Carlos Drummond de Andrade completaria 113 anos na data do registro de nossa viagem. Assim como as atrações diamantinenses, que mostram Chica da Silva e Juscelino Kubitschek para o mundo; Serro do Frio, que abrigou muito o pessoal ligado à Família Real; os pequenos distritos que revelam as obras do Barroco de Minas Gerais, além do que veremos daqui para a frente. O personagem se constitui como principal atração itabirana, também incrustada na Estrada Real, seja pelos seus distritos ou pela influência de outras atrações voltadas para o tropeirismo. E o que hoje contribui Drummond, mesmo 28 anos depois de morto? A ele podemos anexar senão os poemas, pelo menos algumas frases que o marcaram, dentro ou fora de seus versos. E uma vida.

“Cada um de nós tem seu pedaço no pico do Cauê ” — na estrofe se aguça a história recente de Itabira, cujo vértice e bojo contribuíram para uma nova era econômica. Na história da economia se mistura o amor, objeto sempre colocado na sabatina para se discutir a relação de Drummond com a sua terra natal. Para quem quer compreender esse real sentido, basta reler isto: “Alguns anos vivi em Itabira. Principalmente, nasci em Itabira”. Não seria honroso repetir a declaração para o mundo?

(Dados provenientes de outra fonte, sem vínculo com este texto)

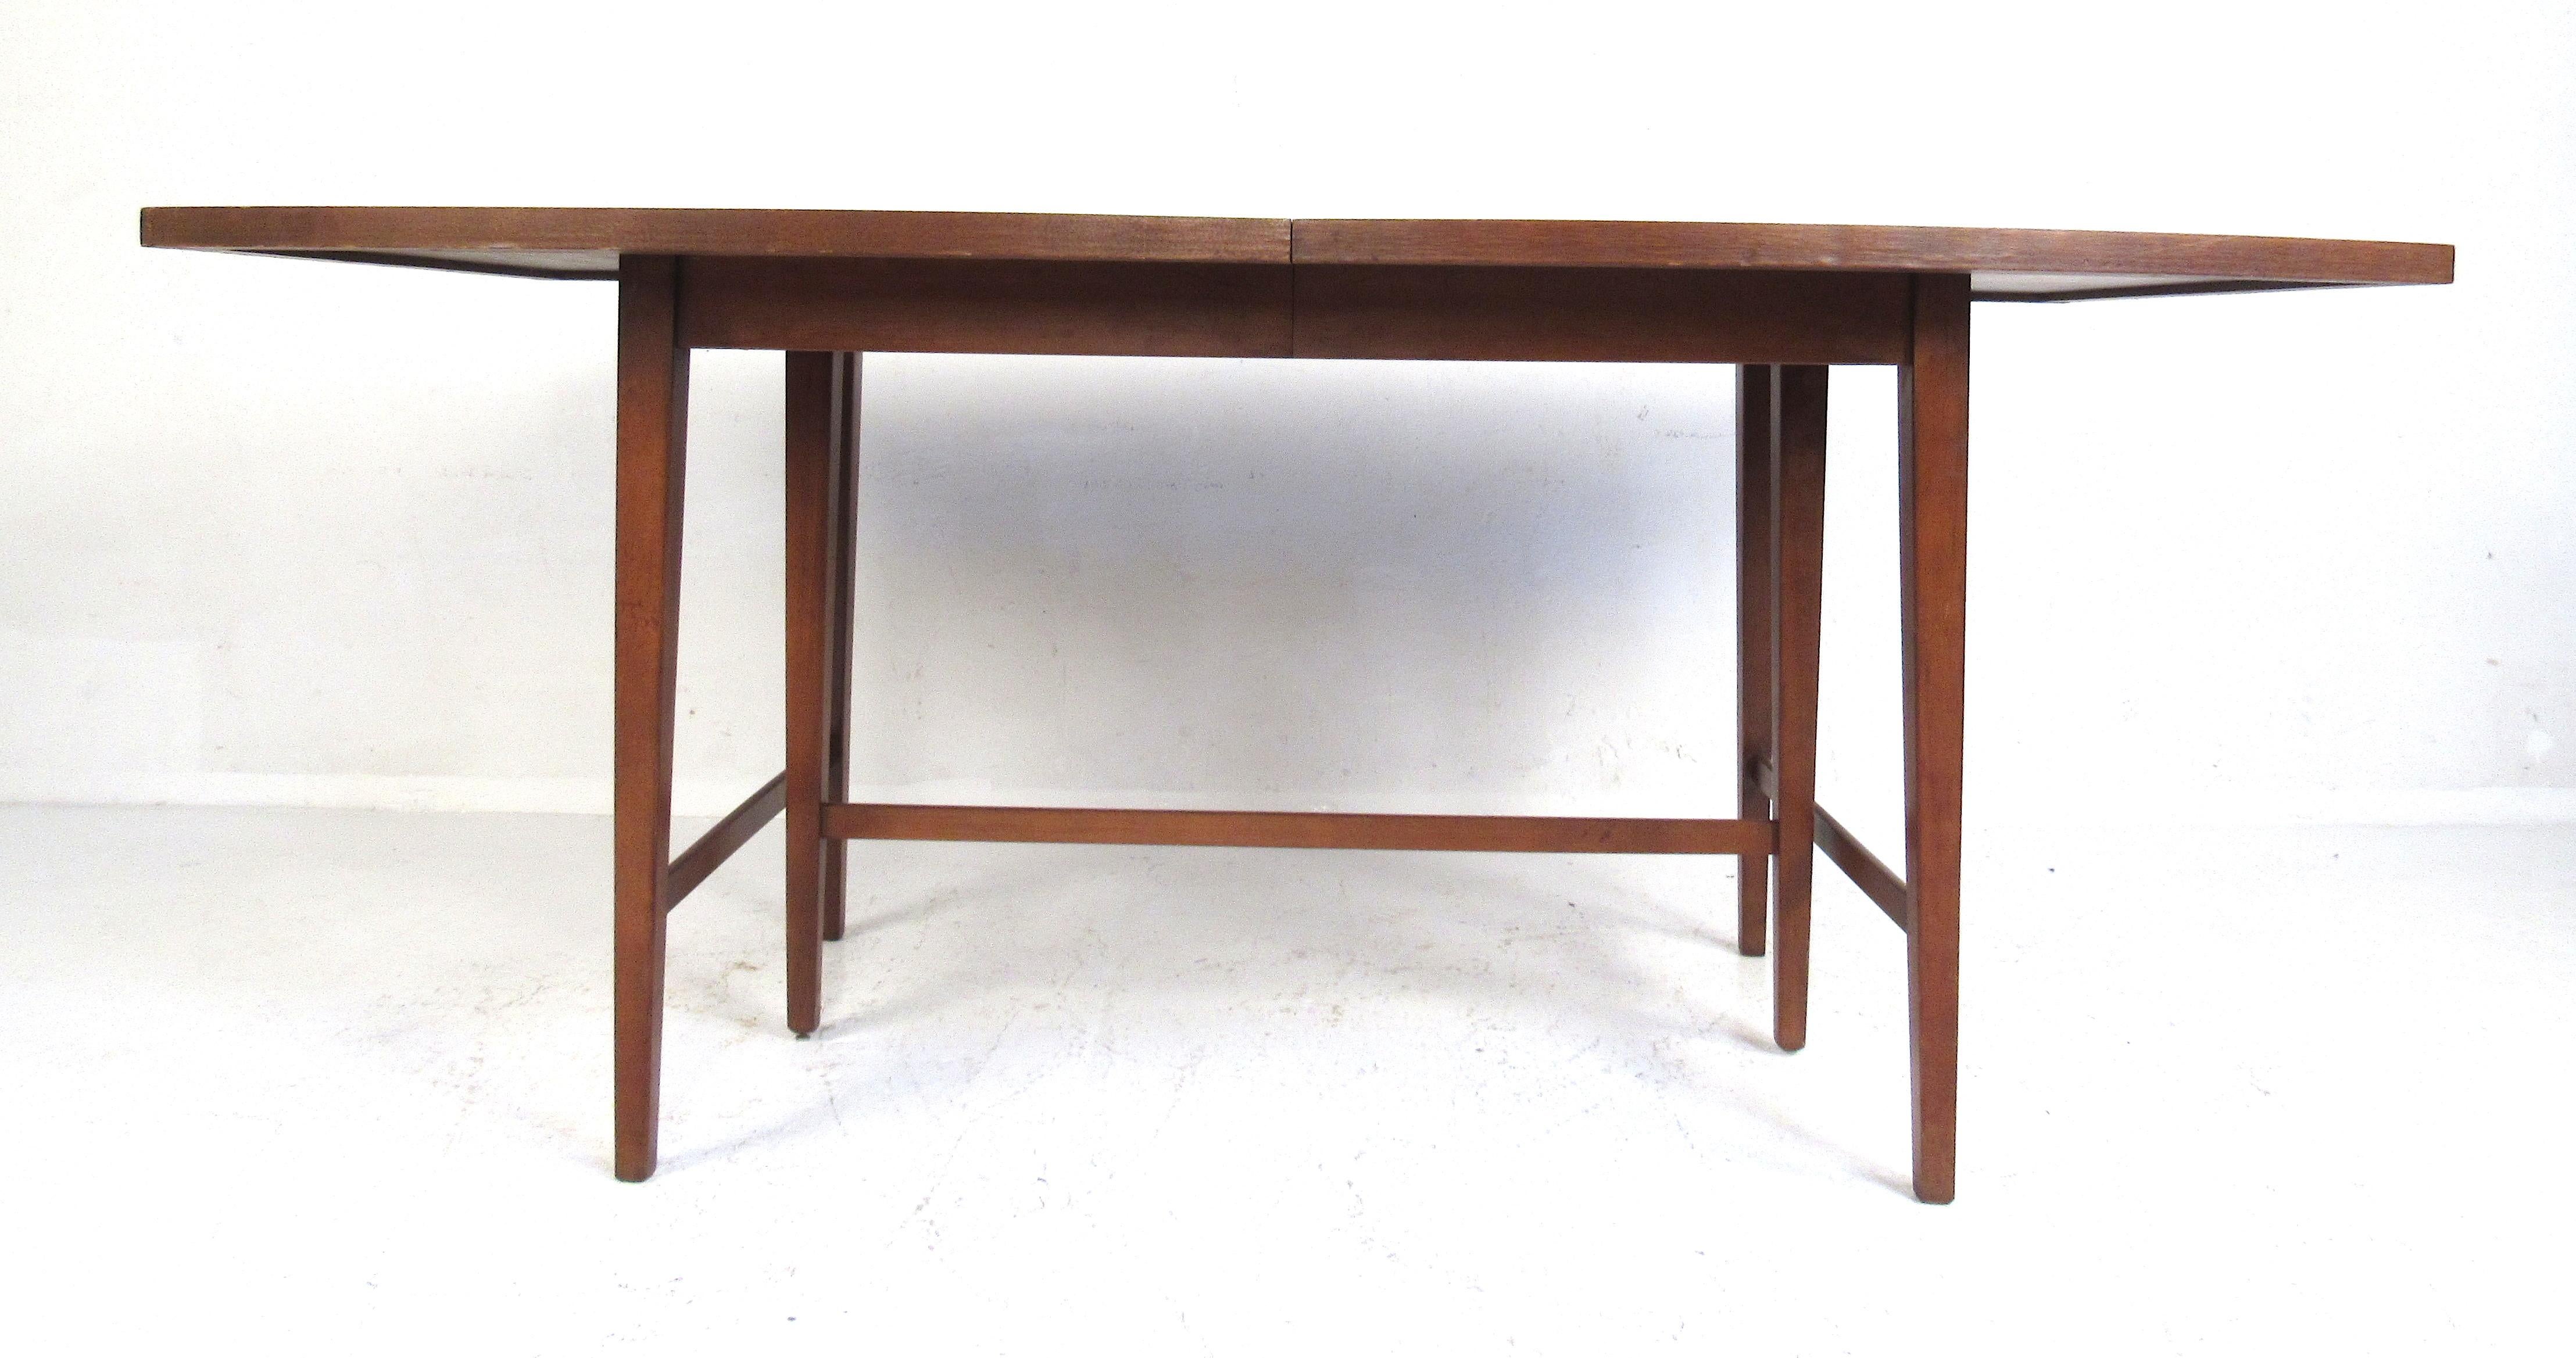 Paul McCobb Mid-Century Modern Esstisch. Ein atemberaubender Tisch, der von Paul McCobb für seine Planner Group-Linie für Winchendon Furniture entworfen wurde. Er zeichnet sich durch ein elegantes Midcentury-Design, eine einzigartige bootsförmige
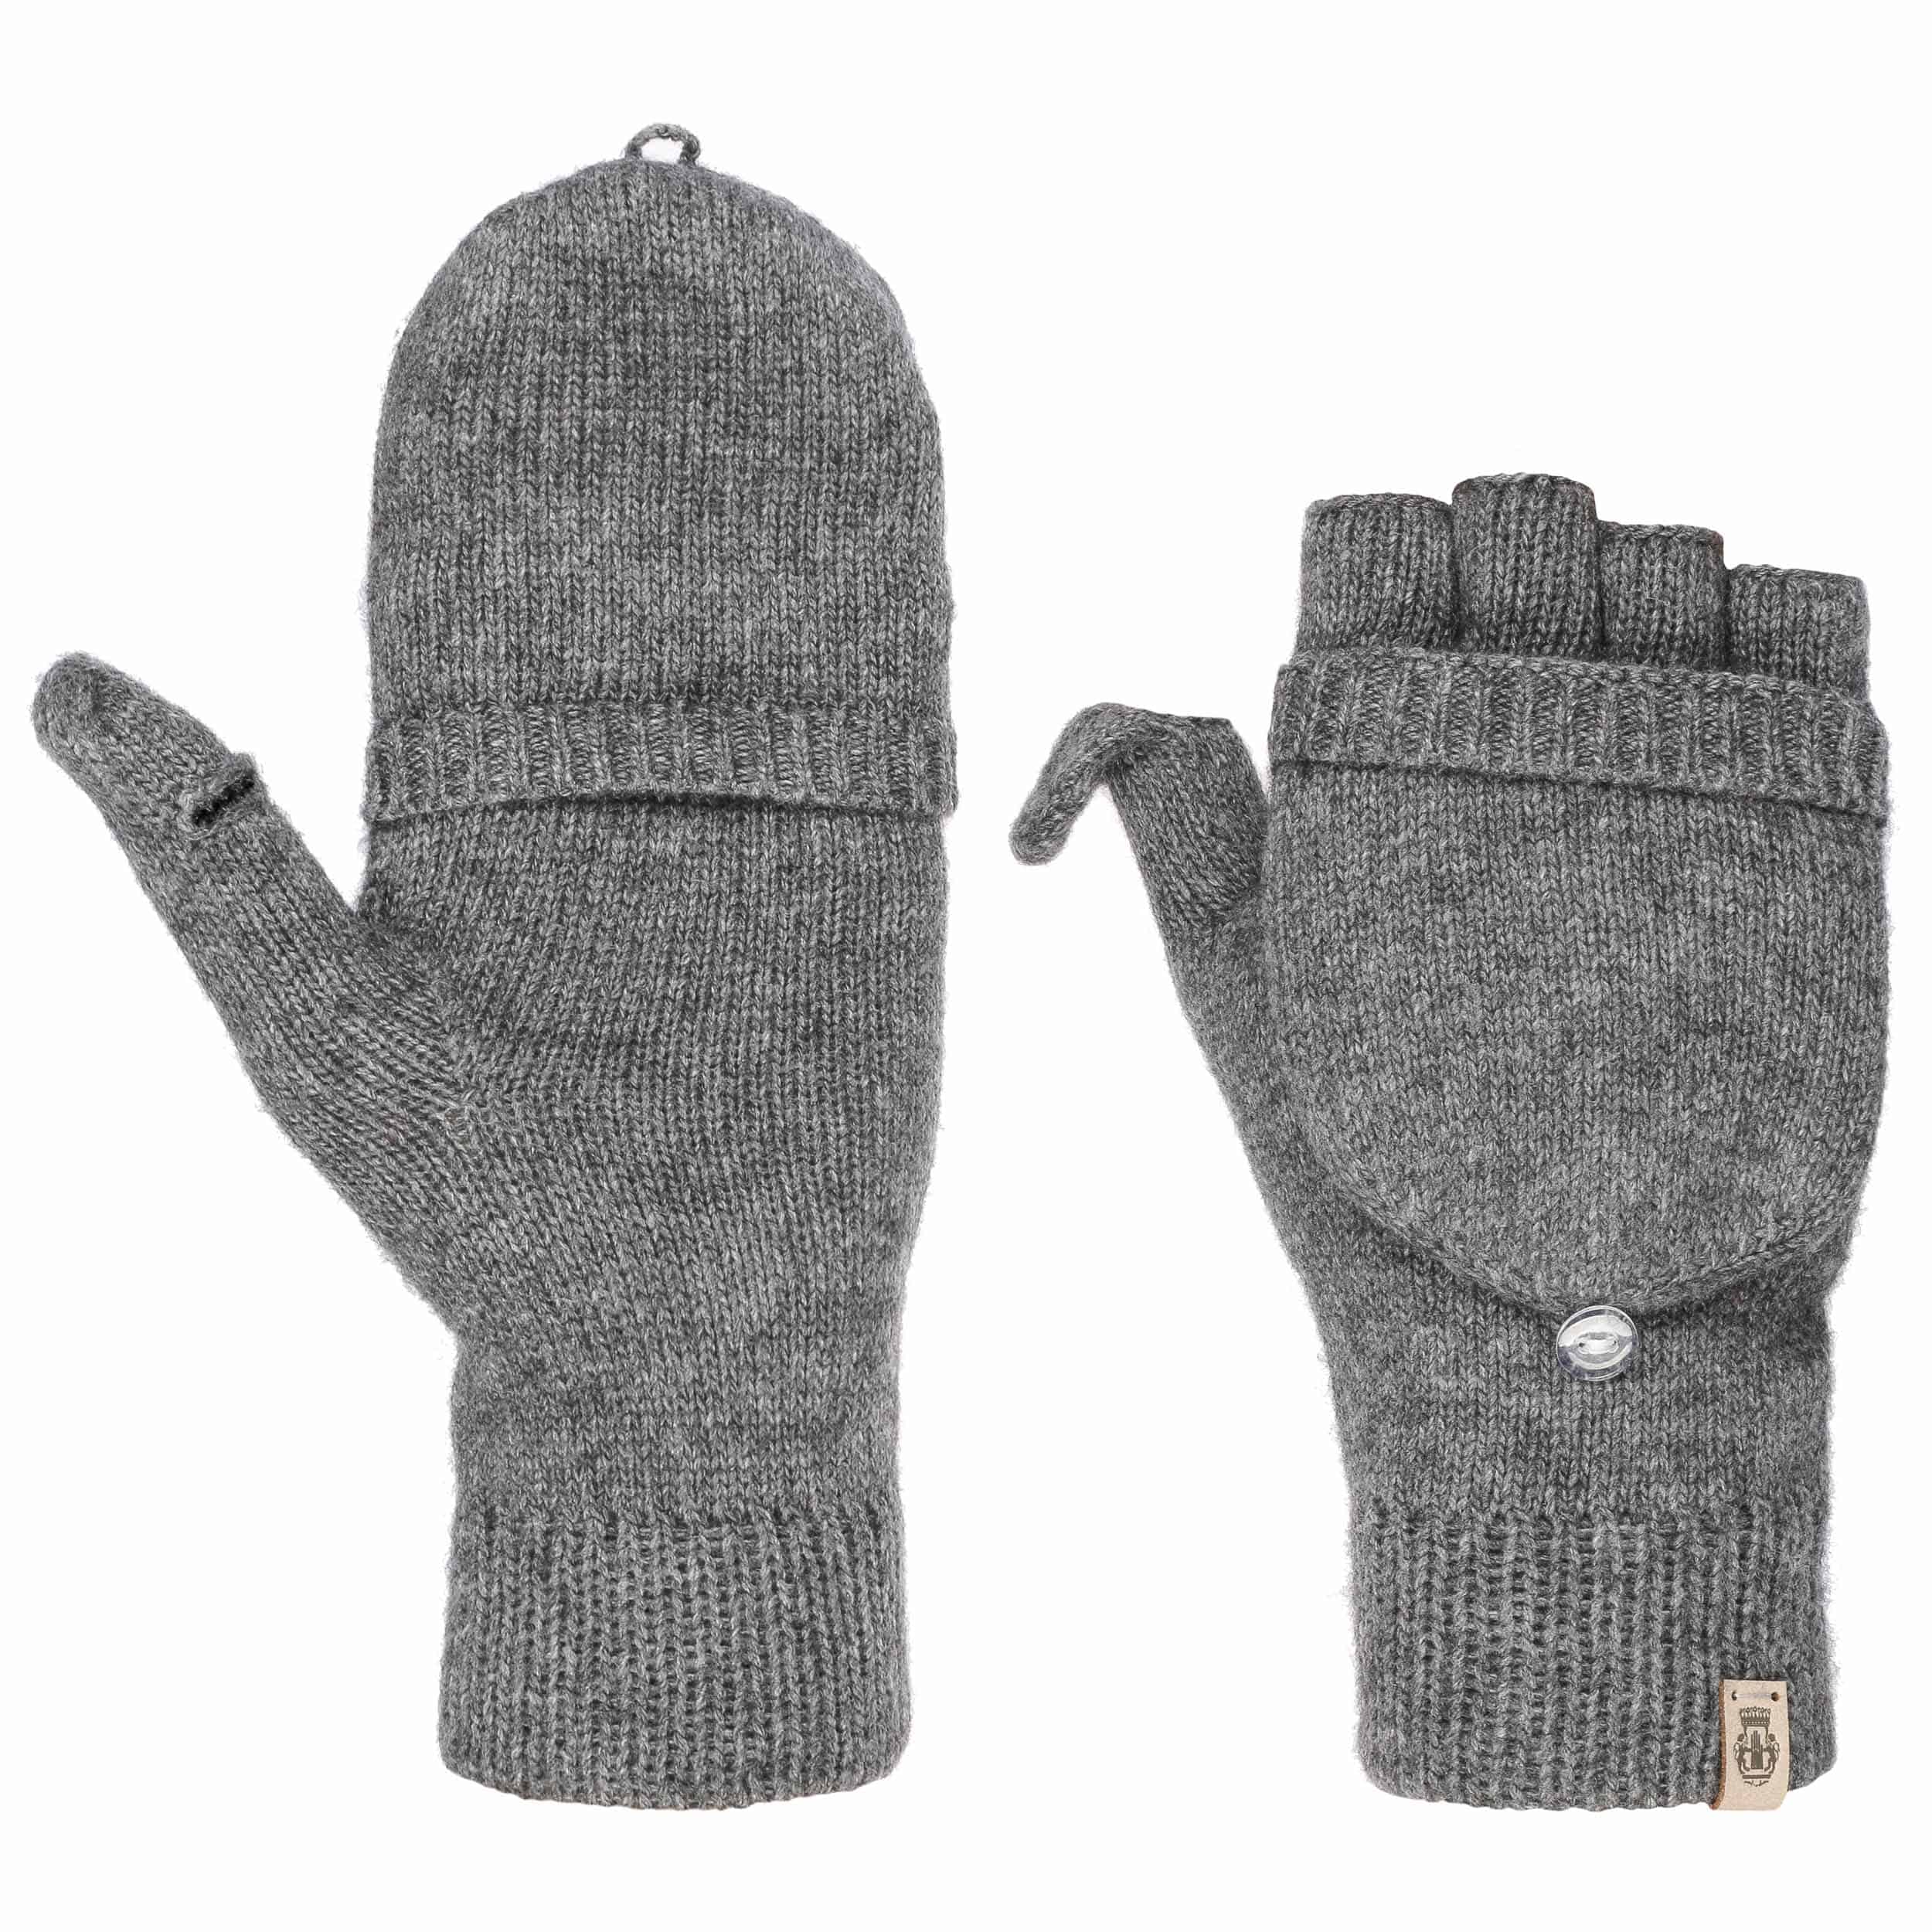 fingerless gloves with hood
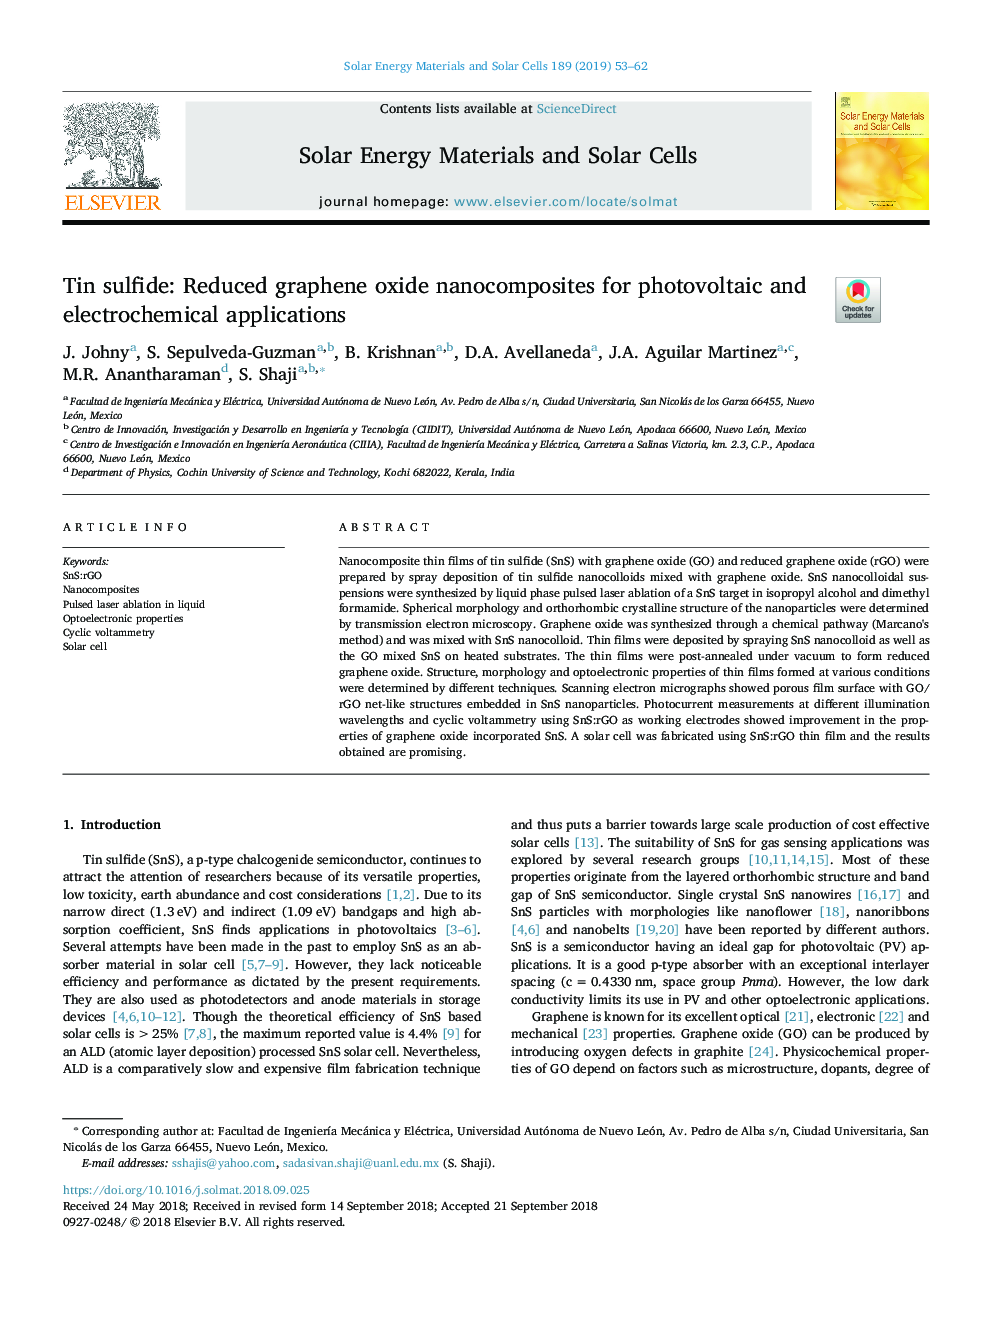 سولفید قلع: کاهش نانوکامپوزیت های گرافن اکسید برای کاربردهای فتوولتائیک و الکتروشیمیایی

Quem pesquisar CDA vai notar como ele é dedicado e devoto à palavra Amor.  Em “Cem-razões do amor”, ele pintou e bordou: “Eu te amo porque te amo, não precisas ser amante, e nem sempre sabes sê-lo. Eu te amo porque te amo. Amor é estado de graça e com amor não se paga”. Mesmo assim, ele se torna polêmico para alguns desconfiados que tentaram e não conseguiram entender a tal fotografia na parede, ou melhor, a frase final de sua confidência: “Mas como dói!” Dói mesmo querer decifrar um poema completo. Por si só um poema tem que ser inexplicável. Ou não é um poema.

O viajante da Estrada Real pode anotar frases que valem a pena ser comidas, bebidas, engolidas diretamente da fonte dos Caminhos Drummondianos, um museu territorial a céu aberto exclusivamente itabirano. Em cada ponto de sua passagem ou marco de uma reflexão reluz um poema, atravessando a cidade de ponta a ponta. Além dos caminhos, há pistas que levam as pessoas, seja quem for, a refletir. Por exemplo, sempre propagaram a fama de “corre” muito dinheiro. Revejam um tópico interessante de nosso herói: “O cofre do banco contém apenas dinheiro. Frustrar-se-á quem pensar que nele encontrará riqueza”.

Para conter a fúria dos loucos por dinheiro, Drummond escreveu também sobre a ambição. “Necessitamos sempre de ambicionar alguma coisa que, alcançada, não nos torna sem ambição”. Mas talvez seja, de novo, o amor, seu prato predileto. “Quando encontrar alguém e esse alguém fizer seu coração parar de funcionar por alguns segundos, preste atenção: pode ser a pessoa mais importante da sua vida”. Então, não seria melhor seguir seu conselho? Ou prezar a amizade, por que não? E ele receita: “A amizade é um meio de nos isolar da humanidade cultivando algumas pessoas”. Ou “Como as plantas a amizade não deve ser muito nem pouco regada”.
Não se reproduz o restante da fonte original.